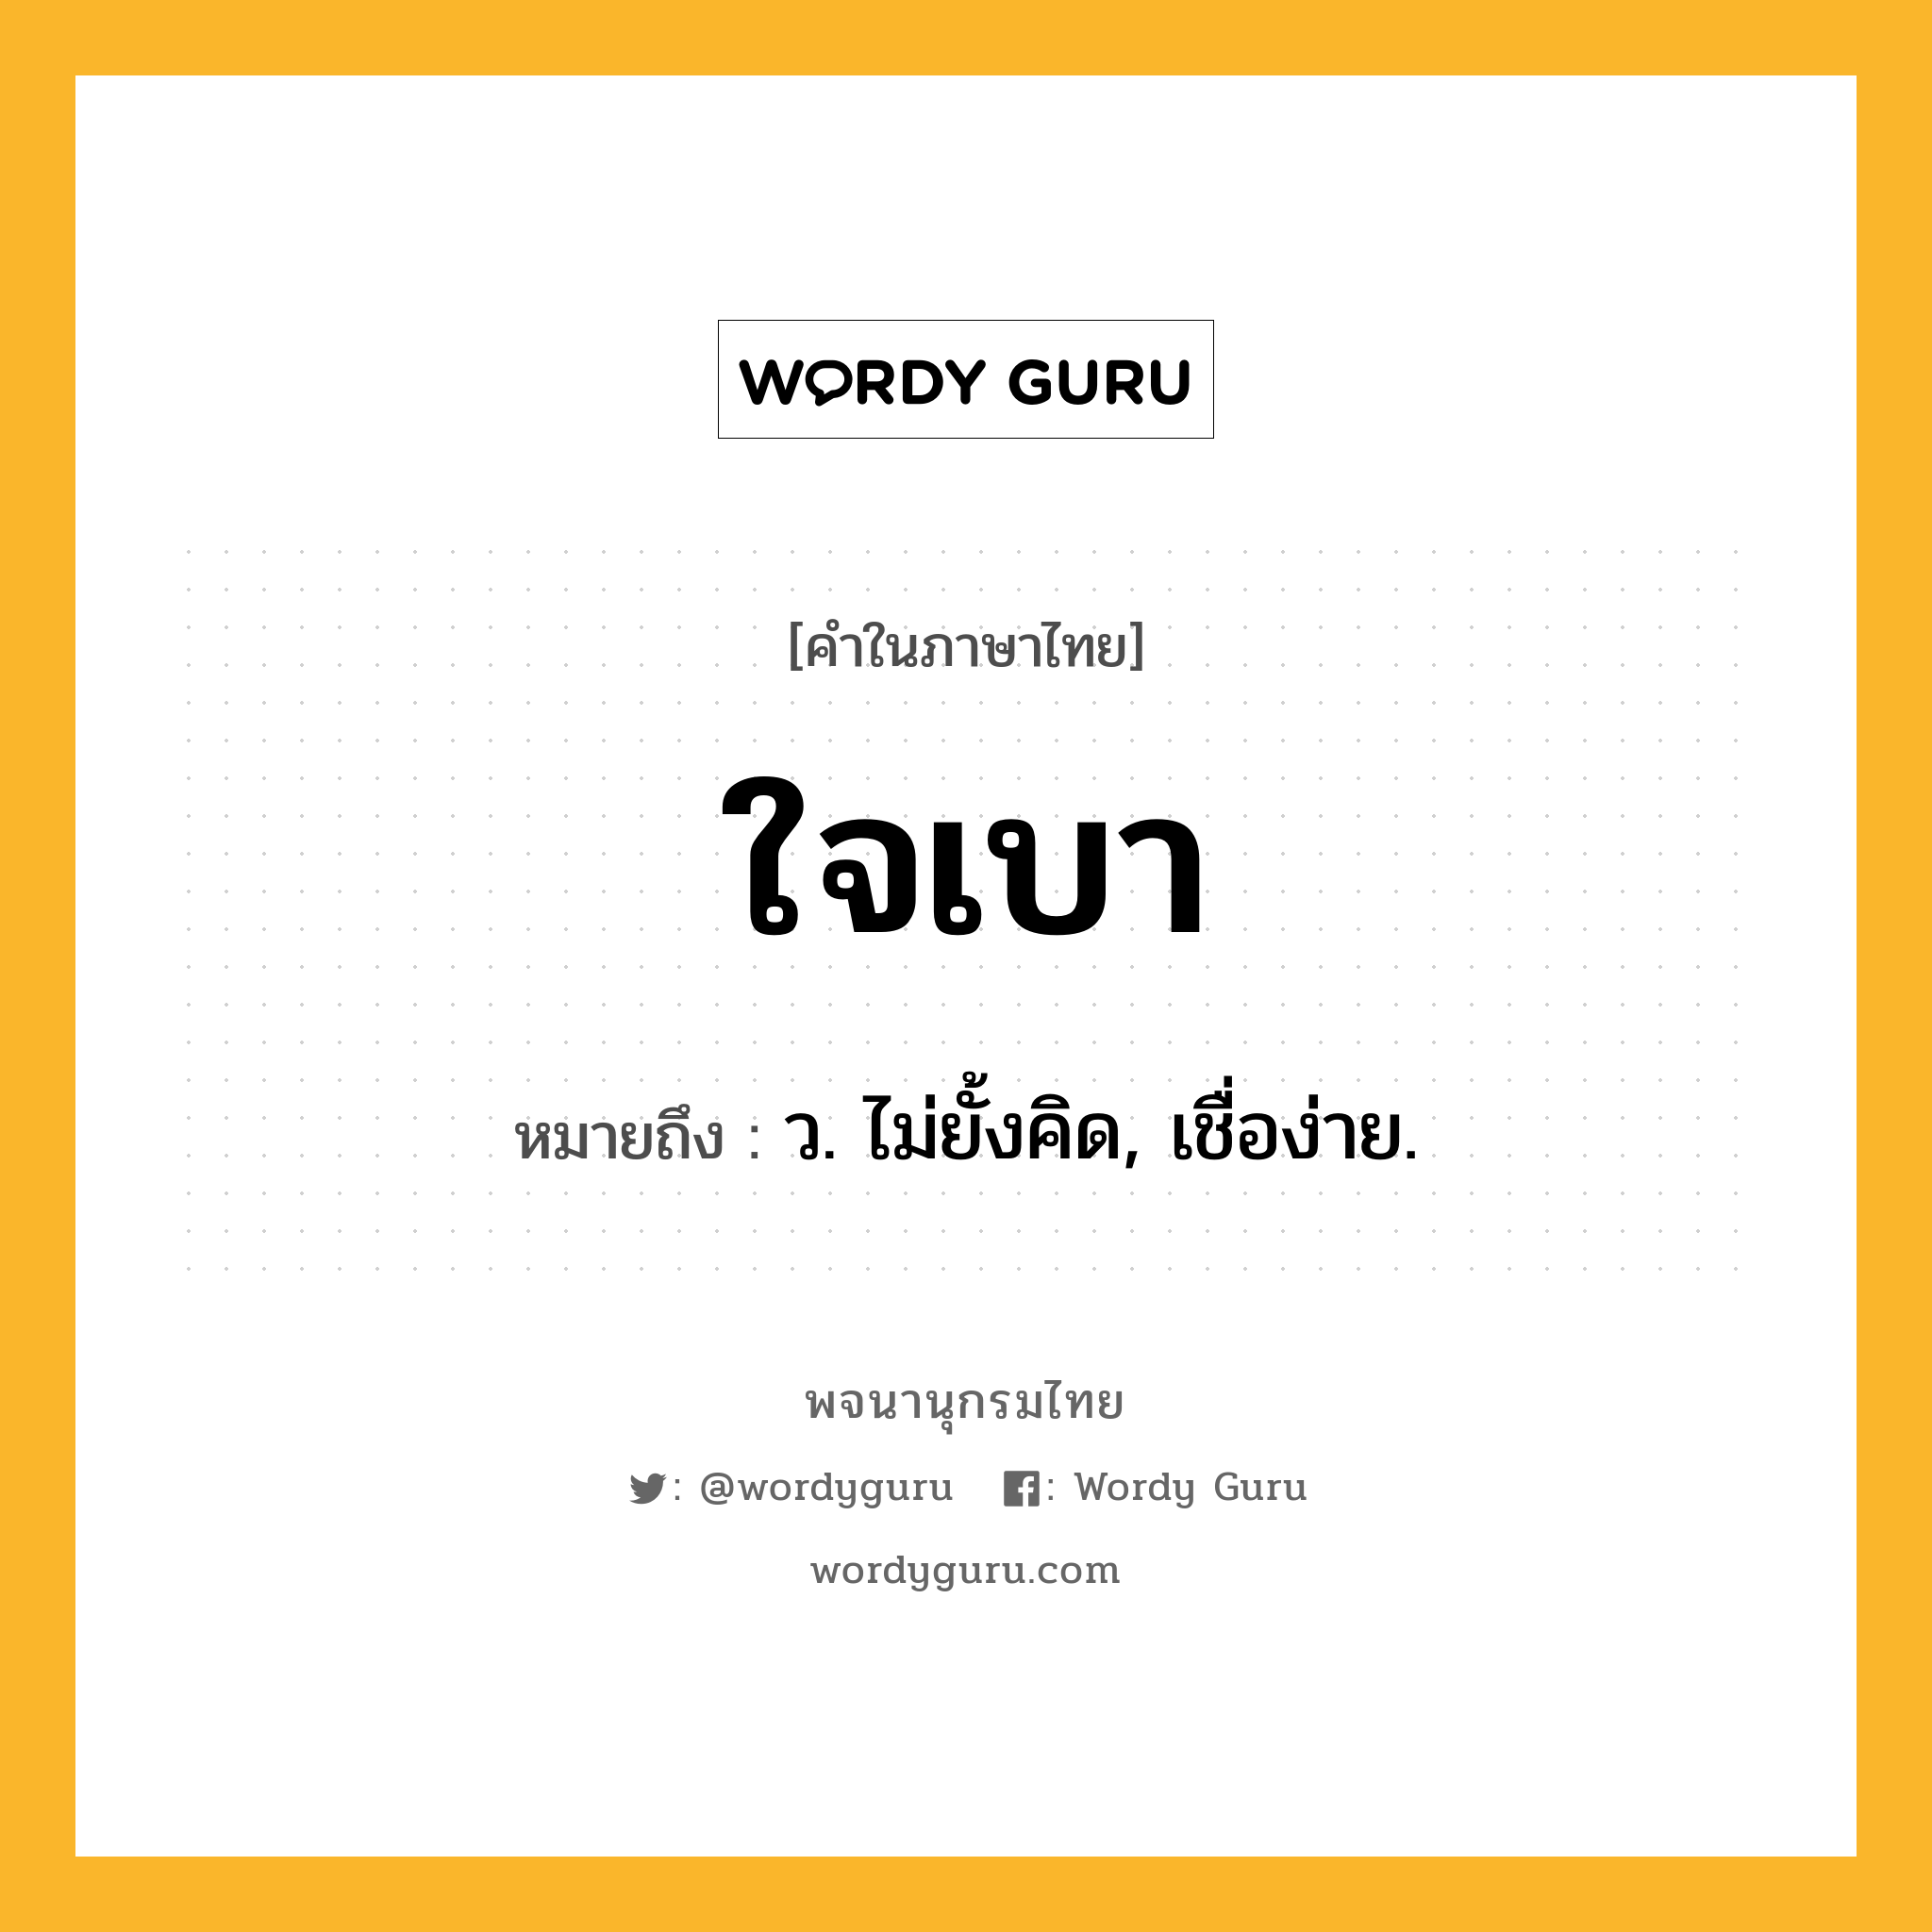 ใจเบา หมายถึงอะไร?, คำในภาษาไทย ใจเบา หมายถึง ว. ไม่ยั้งคิด, เชื่อง่าย.
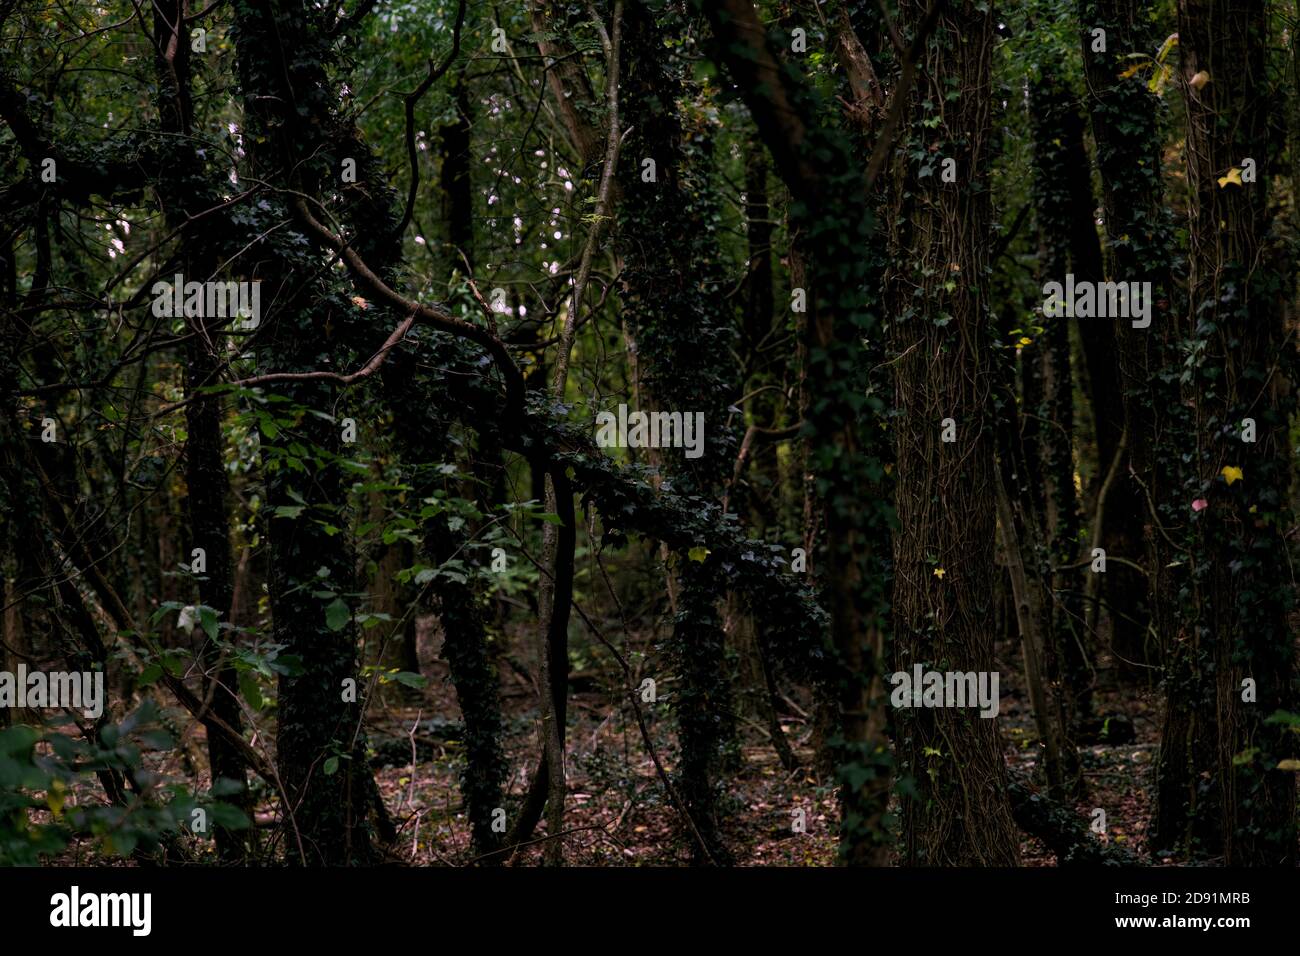 Gruseliger dunkler Wald mit hohen Bäumen und Reben. Horizontale Komposition, Vollformat Stockfoto
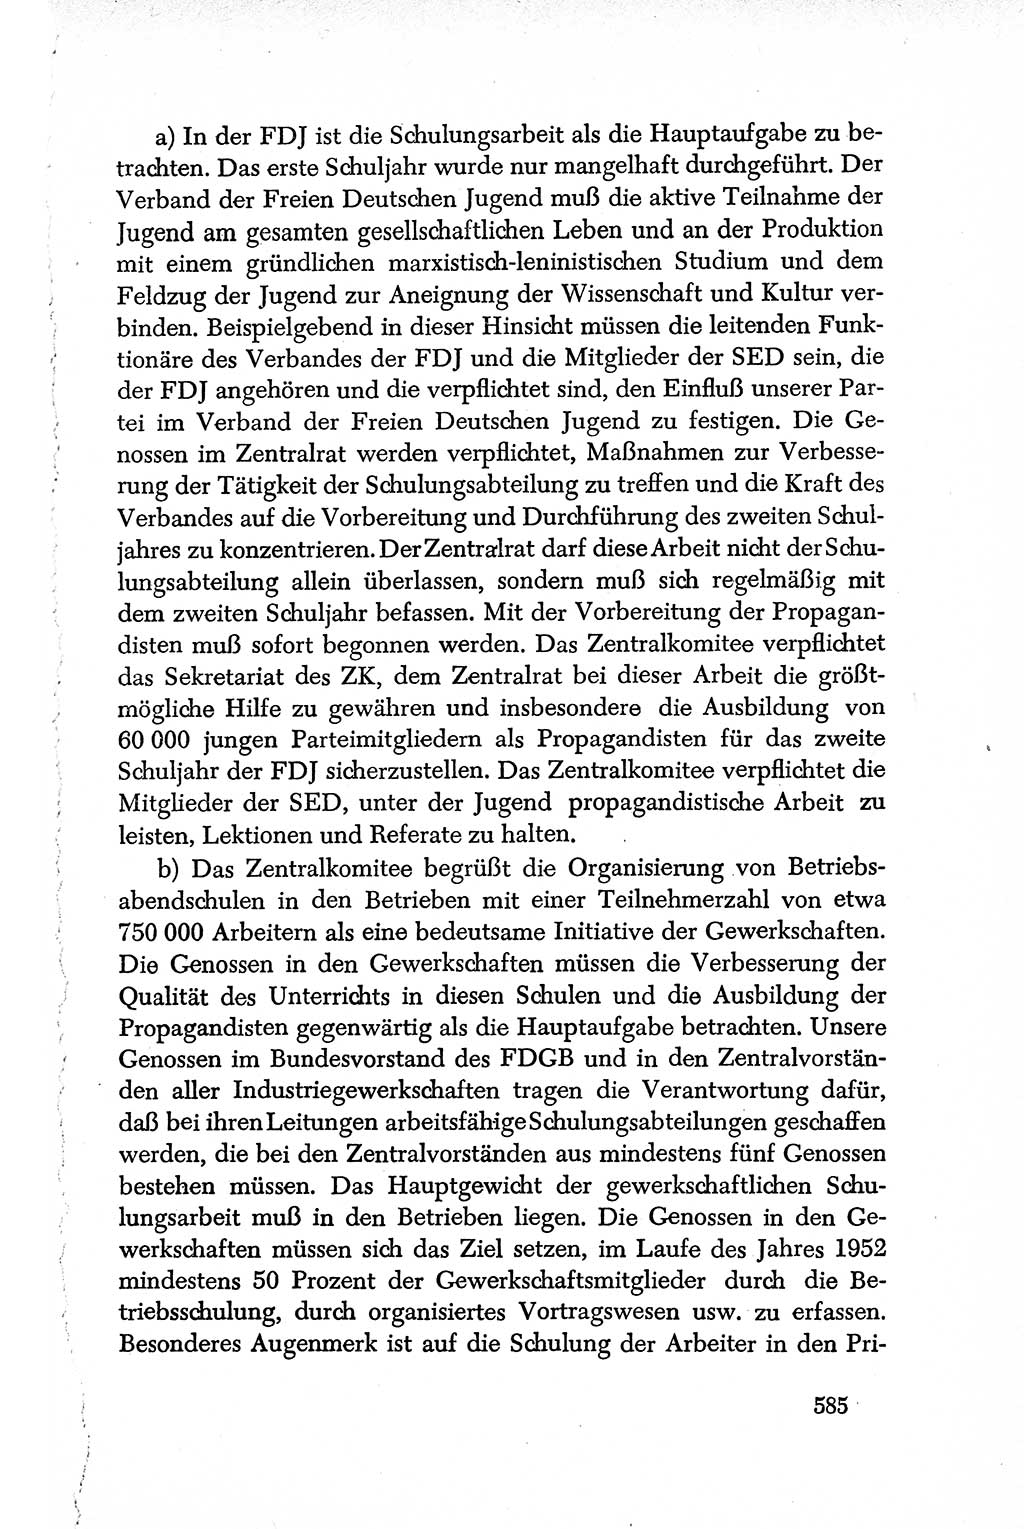 Dokumente der Sozialistischen Einheitspartei Deutschlands (SED) [Deutsche Demokratische Republik (DDR)] 1950-1952, Seite 585 (Dok. SED DDR 1950-1952, S. 585)

• [Task statement]: Give back exactly the lines from the one that contains "Gruseliger dunkler Wald" to the final line of the data above, both included, with all pictures removed.

• [Problem solution]:
 Gruseliger dunkler Wald mit hohen Bäumen und Reben. Horizontale Komposition, Vollformat Stockfoto
 Dokumente der Sozialistischen Einheitspartei Deutschlands (SED) [Deutsche Demokratische Republik (DDR)] 1950-1952, Seite 585 (Dok. SED DDR 1950-1952, S. 585)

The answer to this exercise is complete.